His living room feels small and is crammed with books,
a respectable percentage of which are bona fide, Noam
Chomsky-certified leftist tracts. The back room of the north
Boulder house serves as Zimmermann's computer lab. Three
machines are on-line. Outside light is denied entrance by
shaded windows. Books and magazines- The Journal of
Cryptology- carpet the floor in no discernible order.
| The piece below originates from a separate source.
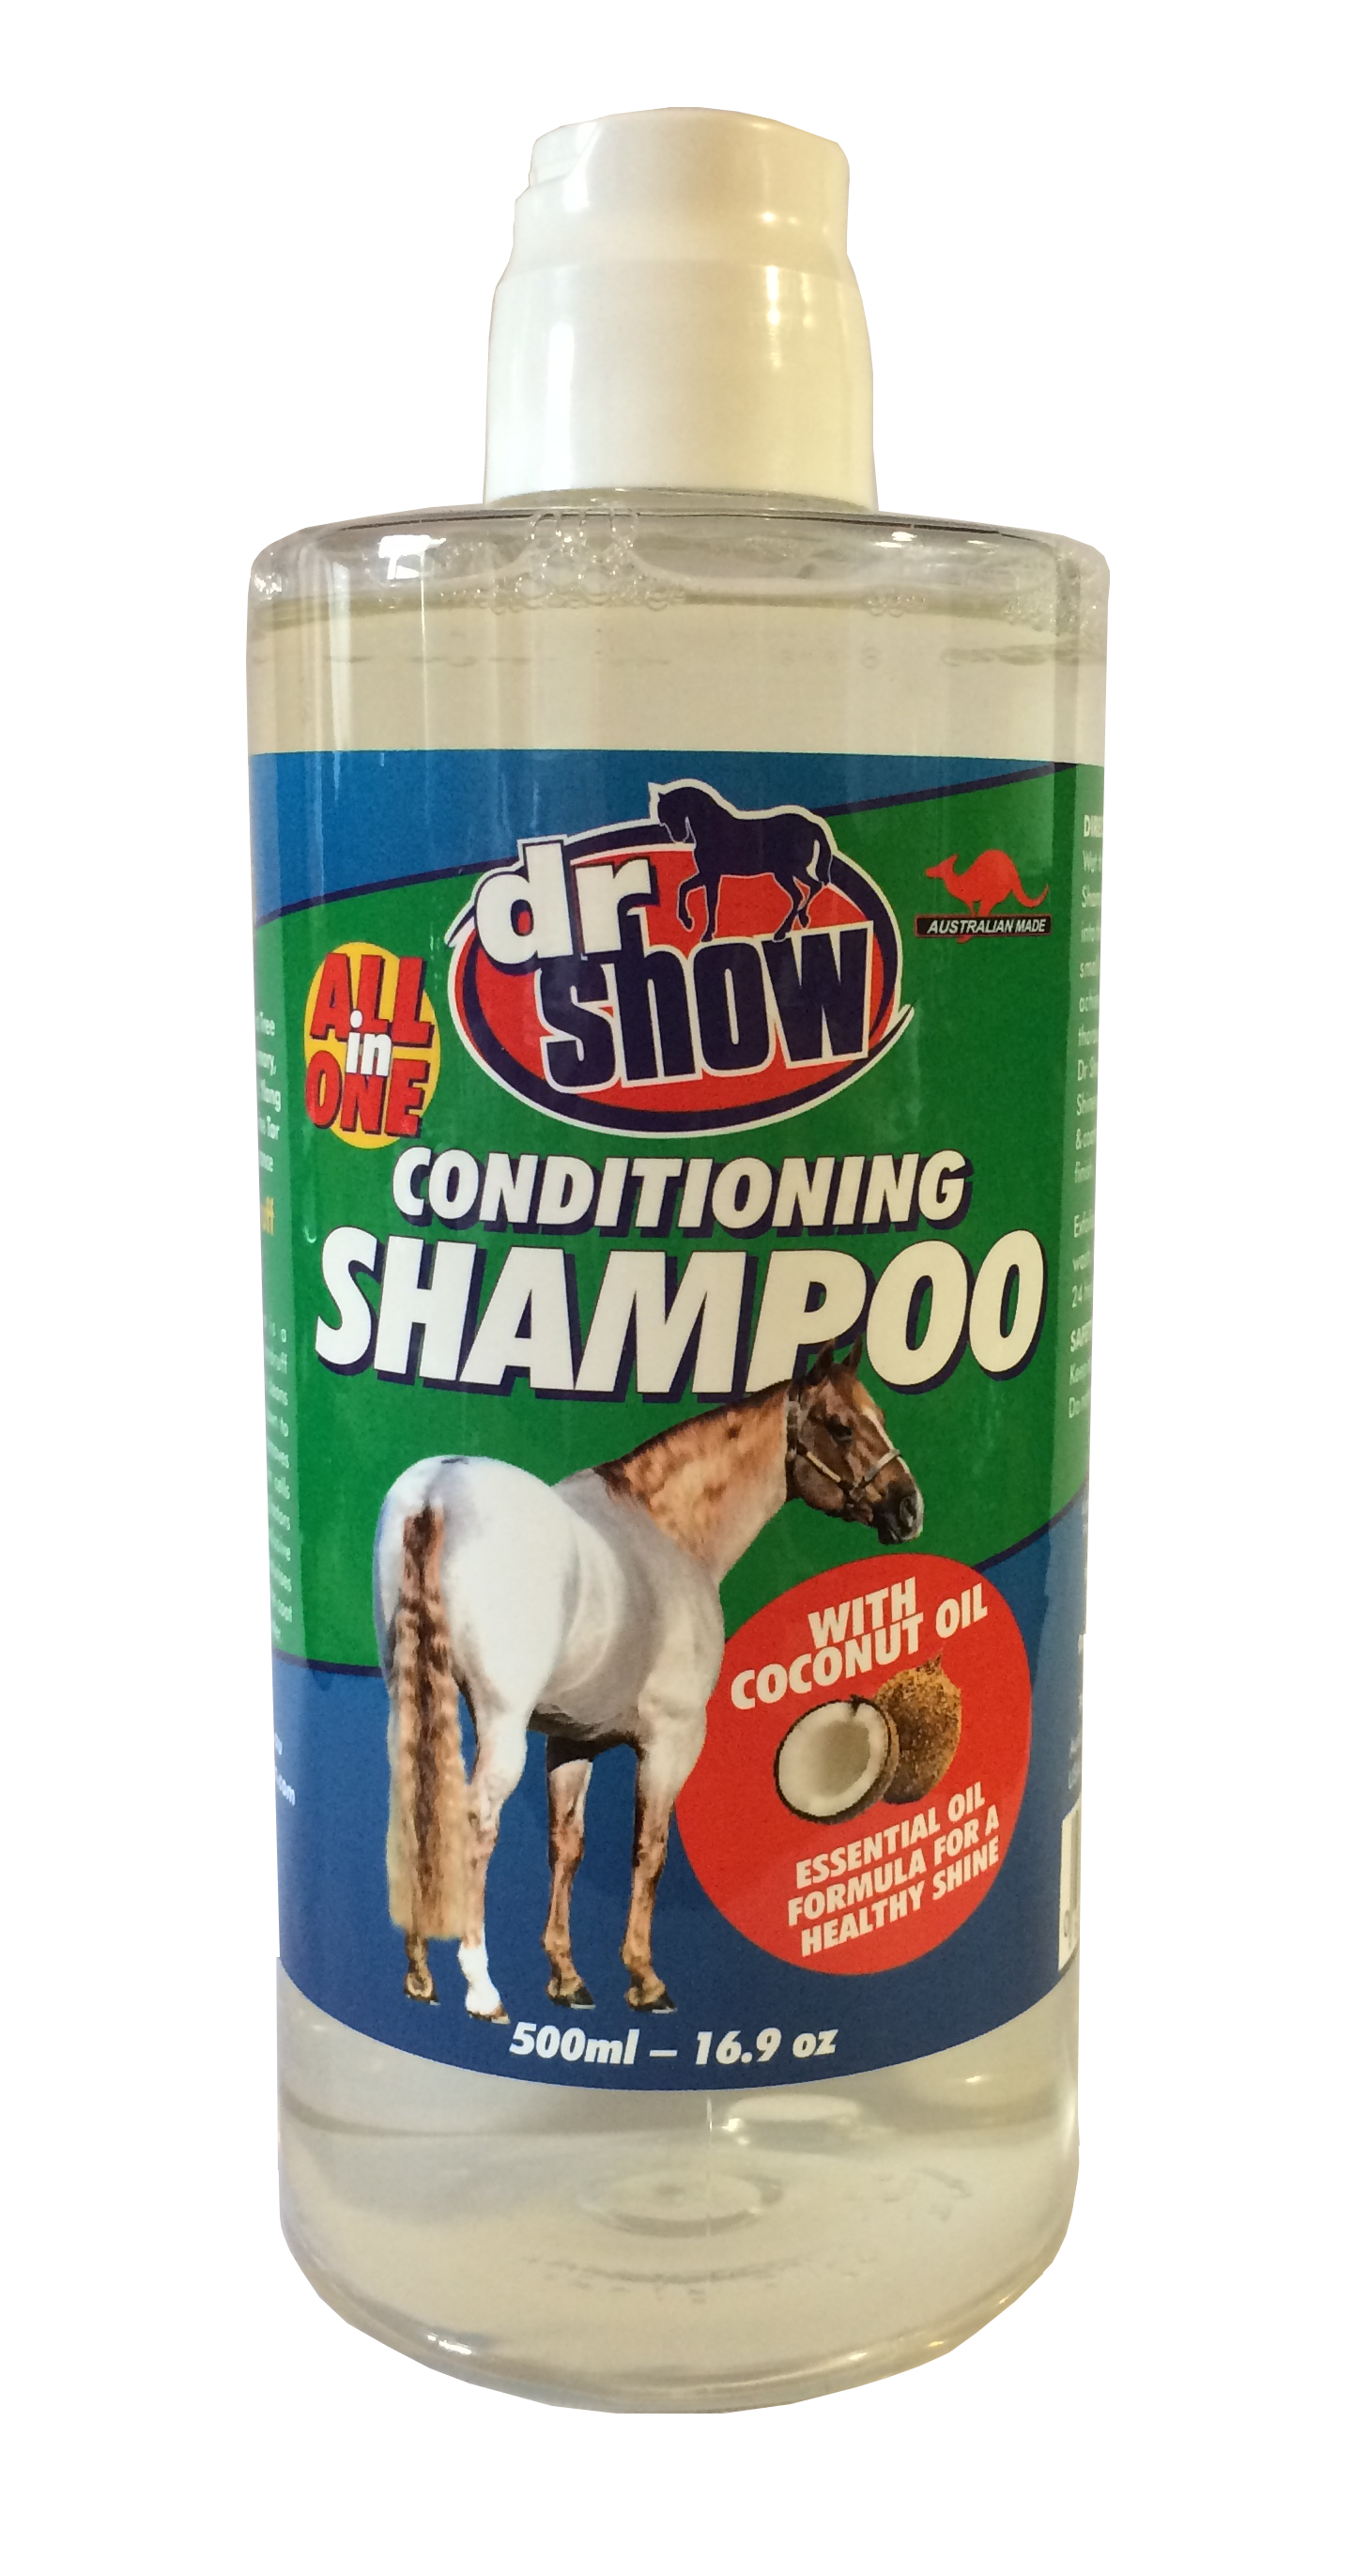 Dr Show ALL in 1 SHAMPOO has 8 Essential Oils

In the southwest corner of the room lies a small
mattress, where for the past several days a Toronto college
student has slept. The student, whose name is Colin Plumb,
learned about the Boulder programmer about a year ago after
plucking PGP off a computer network. He composed a letter to
Zimmermann expressing admiration for the encrypting
software, one of the thousands of pieces of fan mail that
have poured into Zimmermann's mailbox and computer since
June 1991, when PGP was first published.
Now Plumb is here for two weeks as a volunteer
assistant, helping Zimmermann update Pretty Good Privacy. He
is not the first admirer to make the hajj to Boulder. "I get
people here all the time," says Zimmermann. "A month ago I
got a visit from a guy from Brazil. He used PGP back in Rio
de Janeiro, and he was touring the country and wanted to
meet the guy who invented it."
Zimmermann continues: "I get mail from people in the
Eastern Bloc saying how much they appreciate PGP- you know,
'Thanks for doing it.' When I'm talking to Americans about
this, a lot of them don't understand why I'd be so paranoid
about the government. But people in police states, you don't
have to explain it to them. They already get it. And they
don't understand why we don't."
What we don't understand, at least according to an
explanation of Pretty Good Privacy that accompanies the
software, is this: "You may be planning a political
campaign, discussing your taxes, or having an illicit
affair. Or you may be doing something that you feel
shouldn't be illegal, but is. Whatever it is, you don't want
your private electronic mail or confidential documents read
by anyone else. There's nothing wrong with asserting your
privacy. Privacy is as apple-pie as the Constitution."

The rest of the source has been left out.